Data shown ▸
□ □ □ □ □

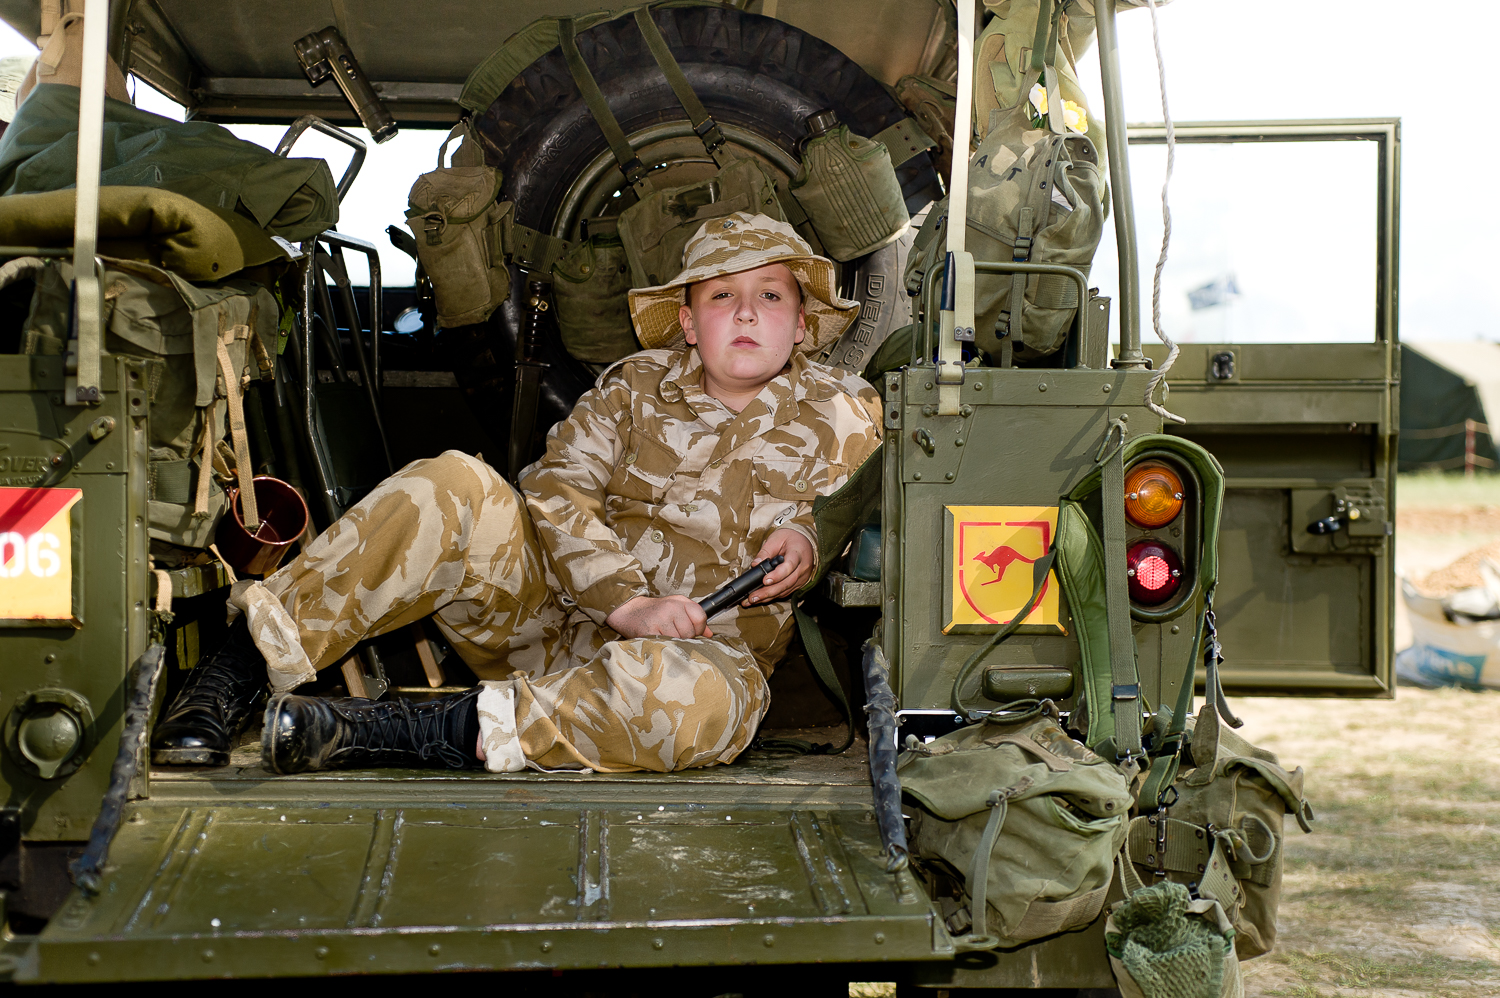  Boy in armoured vehicle, War and Peace show, Kent 
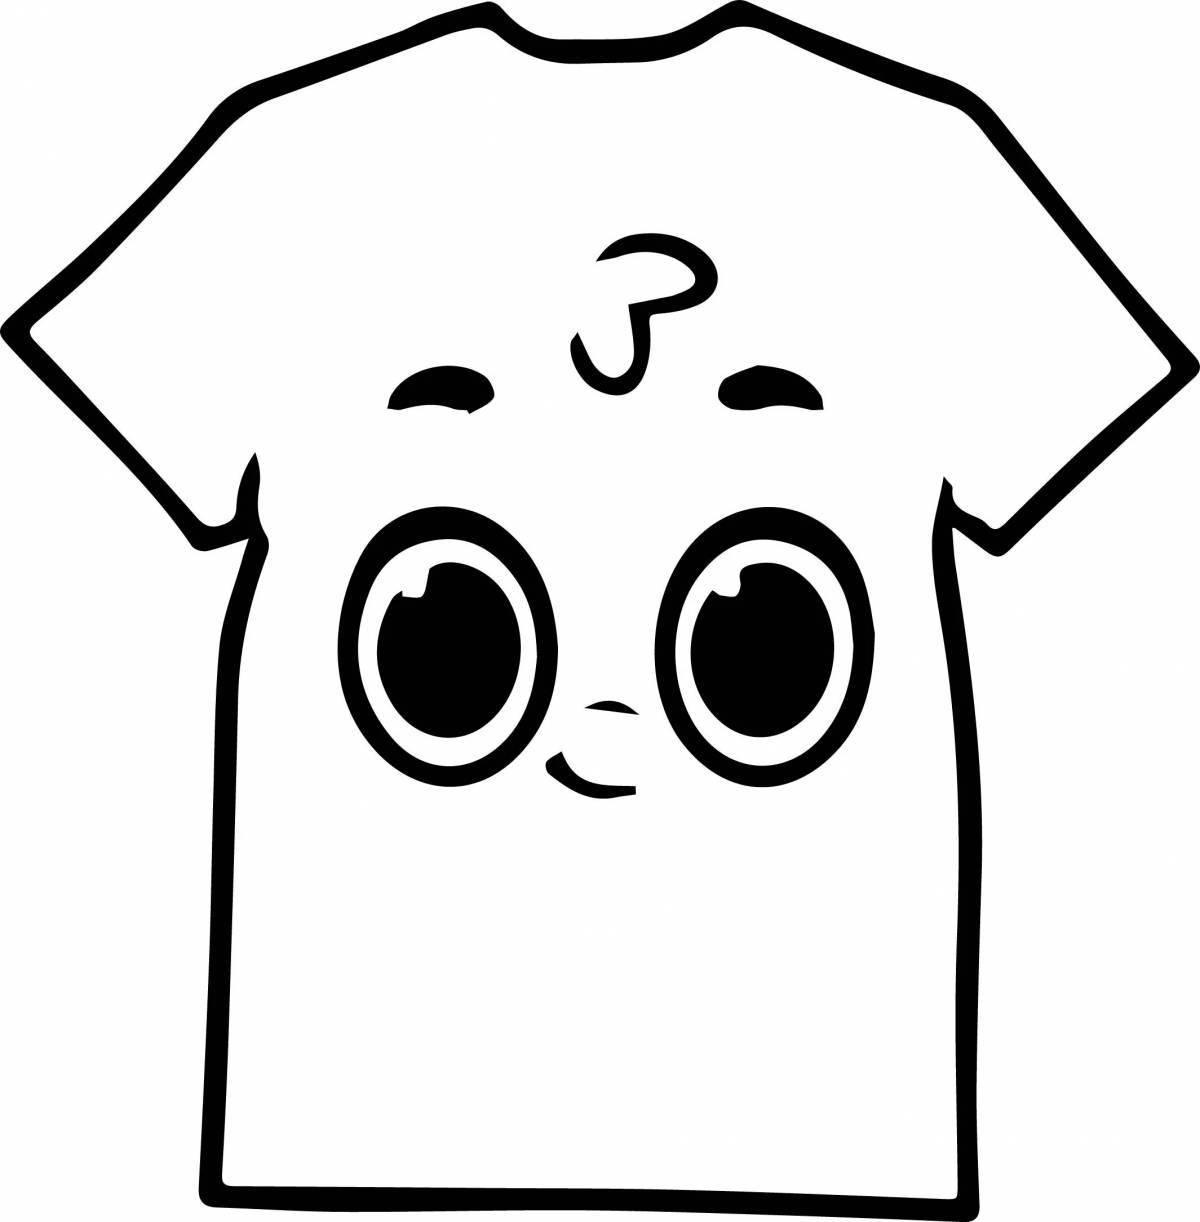 Coloring page impressive t-shirt for a boy
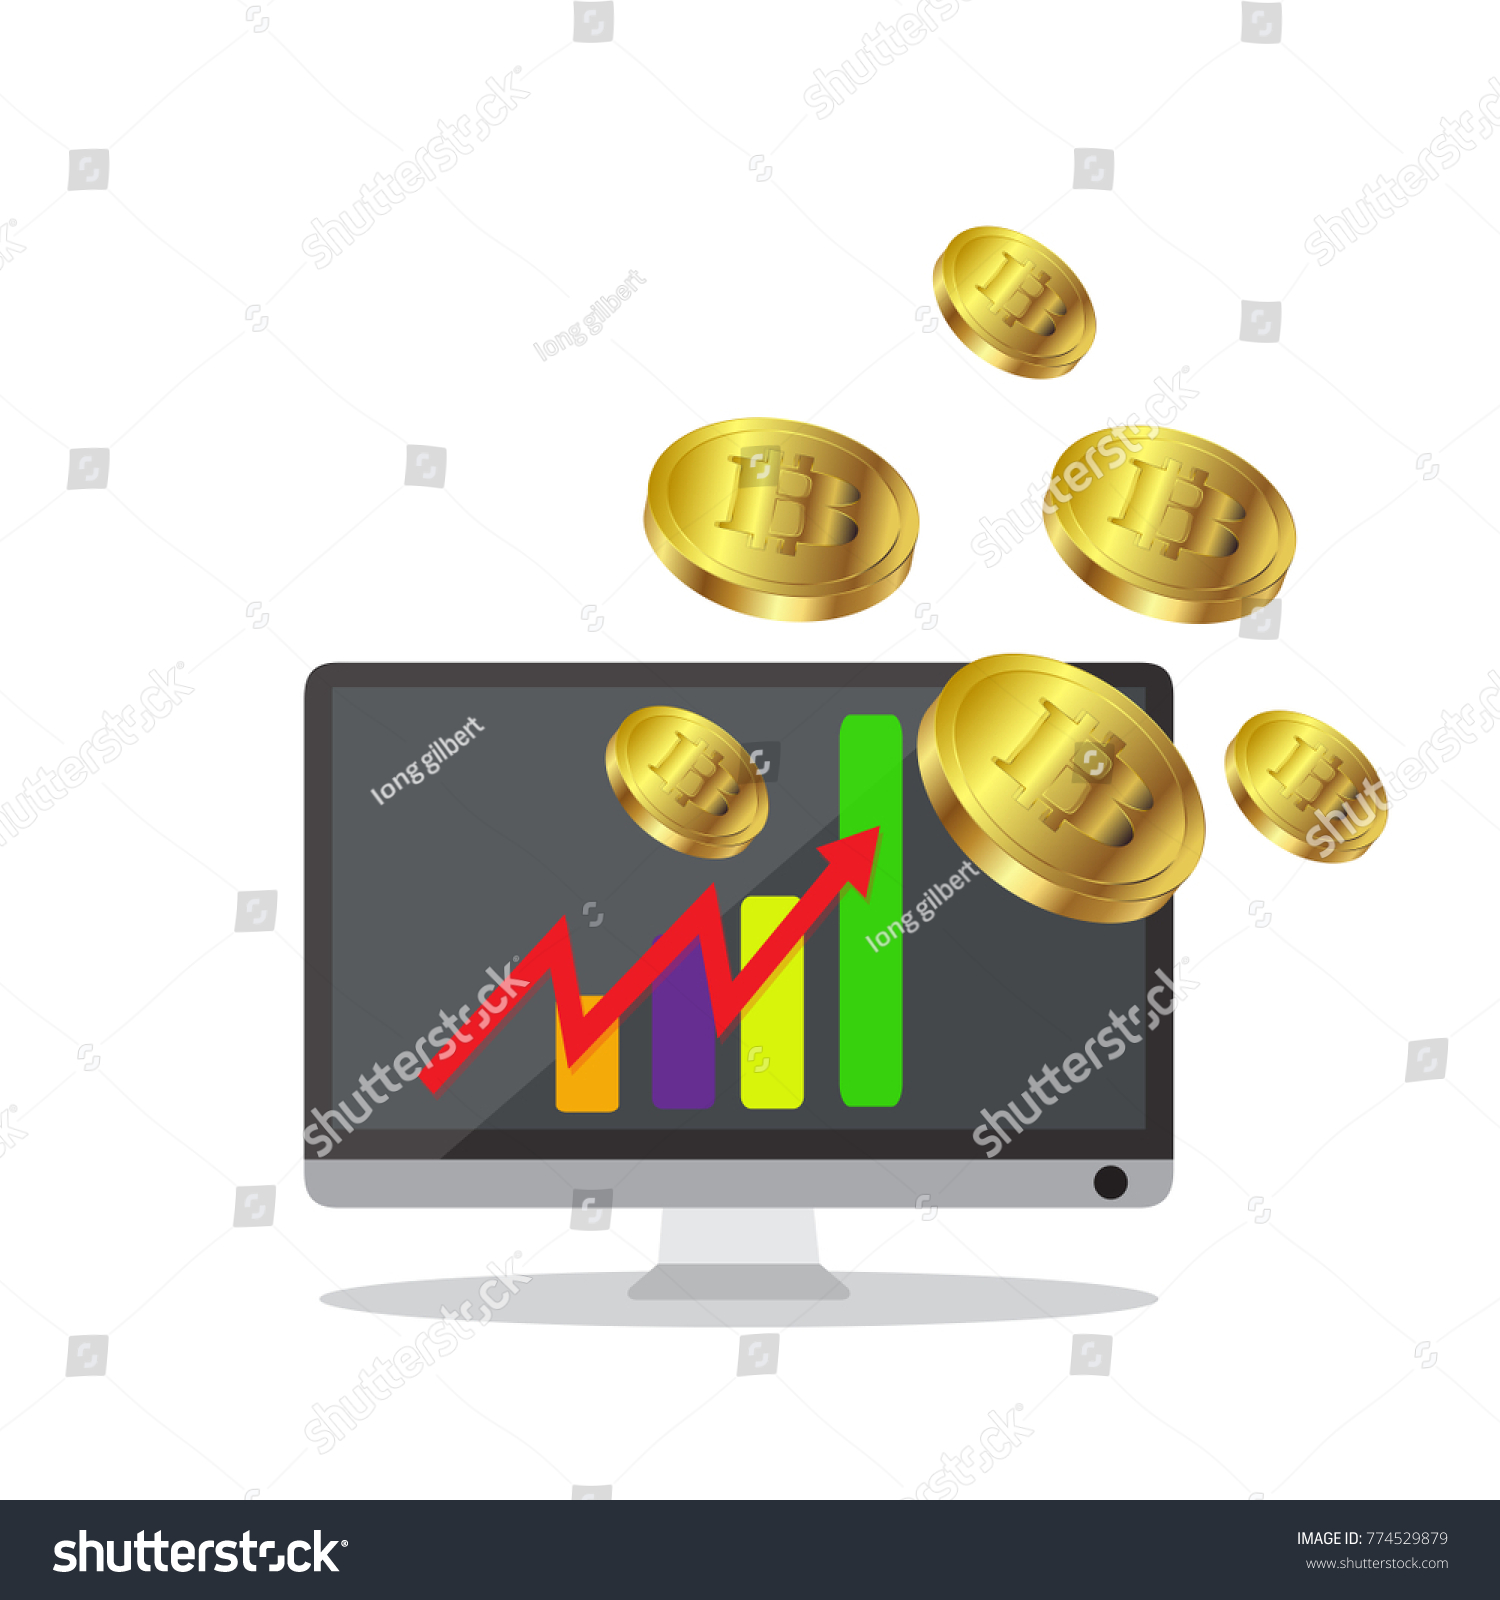 SVG of Bitcoin growth concept Payment and trade on computer symbol Bitcoin revenue illustration Stacks of gold coins like income graph with bitcoinVector illustration isolated on background svg

□ □ □ □ □

About this exercise ▸ Your copy should hold each line above exactly and no pictures at all.

Response area ▸
  Boy in armoured vehicle, War and Peace show, Kent 
 Coloring page impressive t-shirt for a boy
 SVG of Bitcoin growth concept Payment and trade on computer symbol Bitcoin revenue illustration Stacks of gold coins like income graph with bitcoinVector illustration isolated on background svg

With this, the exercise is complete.